Currently we are only able to bind the whole domain to some host nodes
using the /domain/numatune/memory element. Numerous requests were
made to support host<->guest numa node bindings, so this series tries
to pinch an idea on how to do that using /domain/numatune/memnode
elements.
So here are few ideas I'd like to know others opinions on:
For some reason, qemu wants to know what host nodes it can use to for
allocation of the memory. While adding support for that, qemu added
various memory objects (-object memory*) with different backends.
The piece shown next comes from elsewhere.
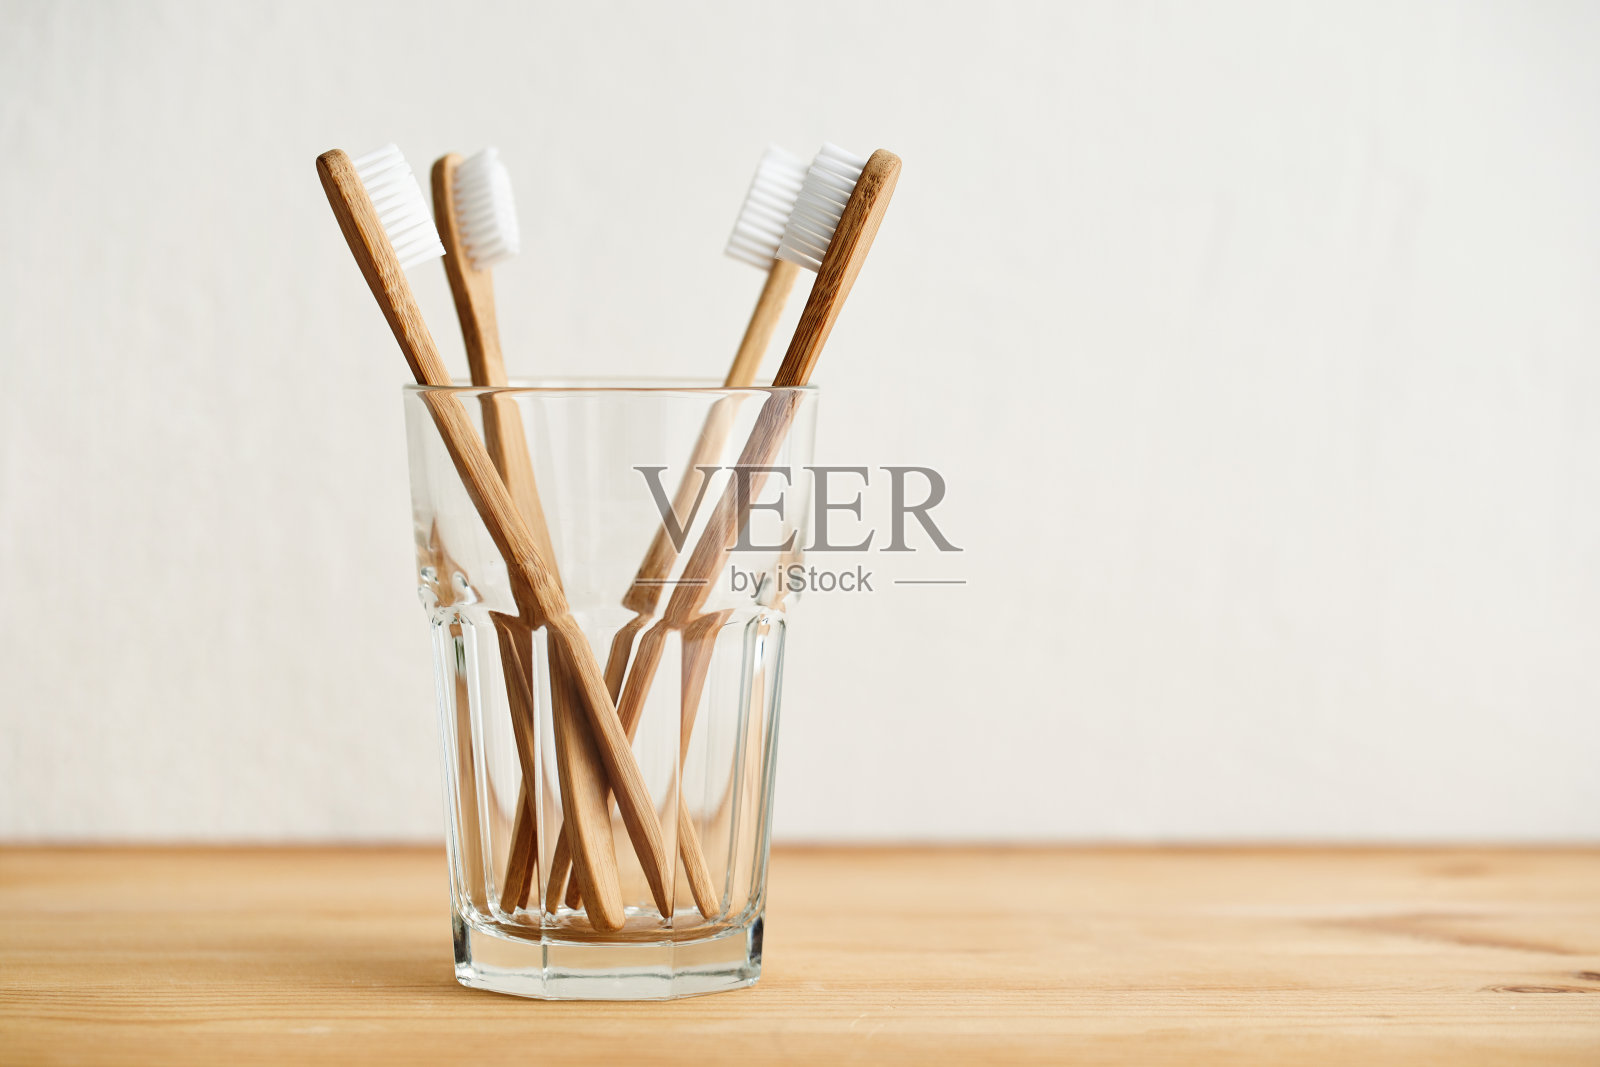 四把竹牙刷装在玻璃杯里放在一张木桌上照片摄影图片

There's 'memory-file' which is used for hugepages and 'memory-ram'
which is used for standard allocation. Latest version of the qemu
proposal is here:
http://lists.gnu.org/archive/html/qemu-devel/2014-05/msg02706.html
Caveats:
- I'm not sure how cpu hotplug is done with guest numa nodes, but if
there is a possibility to increase the number of numa nodes (which
does not make sense to me from (a) user point of view and (b) our
XMLs and APIs), we need to be able to hotplug the ram as well,
- virDomainGetNumaParameters() now reflects only the
/domain/numatune/memory settings, not 'memnode' ones,
- virDomainSetNumaParameters() is not allowed when there is some
/domain/numatune/memnode parameter as we can query memdev info, but
not change it (if I understood the QEMU side correctly),
- when domain is started, cpuset.mems cgroup is not modified per for
each vcpu, this will be fixed, but the question is how to handle it
for non-strict settings [*],
- automatic numad placement can be now used together with memnode
settings which IMHO doesn't make any sense, but I was hesitant to
disable that in case somebody has a constructive criticism in this
area.
- This series alone is broken when used with
/domain/memoryBacking/hugepages, because it will still use the
memory-ram object, but that will be fixed with Michal's patches on
top of this series.
One idea how to solve some of the problems is to say that
/domain/numatune/memory is set for the whole domain regardless of what
anyone puts in /domain/numatune/memnode. virDomainGetNumaParameters()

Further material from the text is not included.